Know Your History: James Richmond Barthé
LGBT, NewsBites — By Speak Equal on February 18, 2010 at 8:00 am(January 28, 1901 – March 5, 1989) was an African American sculptor known for his many public works, including the Toussaint L’Ouverture Monument in Port-au-Prince, Haiti and a sculpture of Rose McClendon for Frank Lloyd Wright’s Fallingwater House.
In 1924, with the aid of a Catholic priest, the Reverend Harry Kane, S.S.I, and with less than a high school education and no formal training in art, Barthé was admitted to the Art Institute of Chicago.
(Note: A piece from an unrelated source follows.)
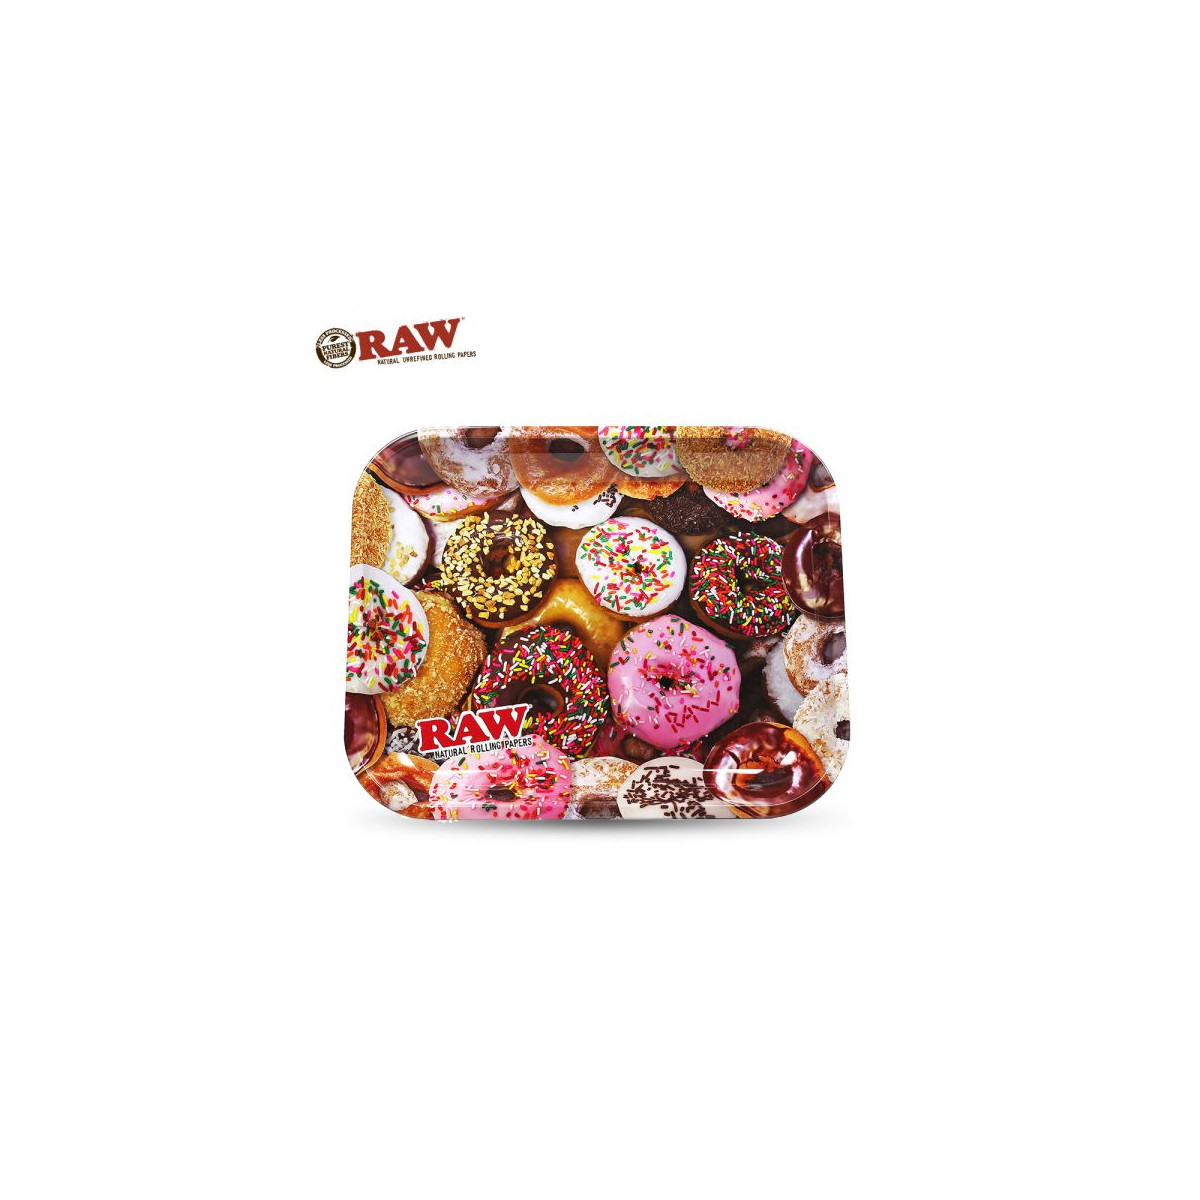 Mixerbakke Raw Donuts 27,5 x 33 cm

During the next four years Barthé followed a curriculum structured for majors in painting. During his four years of study he worked as a busboy at a small café. His work caught the attention of Dr. Charles Maceo Thompson, a patron of the arts and supporter of many talented young black artists. Barthé was a flattering portrait painter, and Dr. Thompson helped him to secure many lucrative commissions from the city’s affluent black citizens.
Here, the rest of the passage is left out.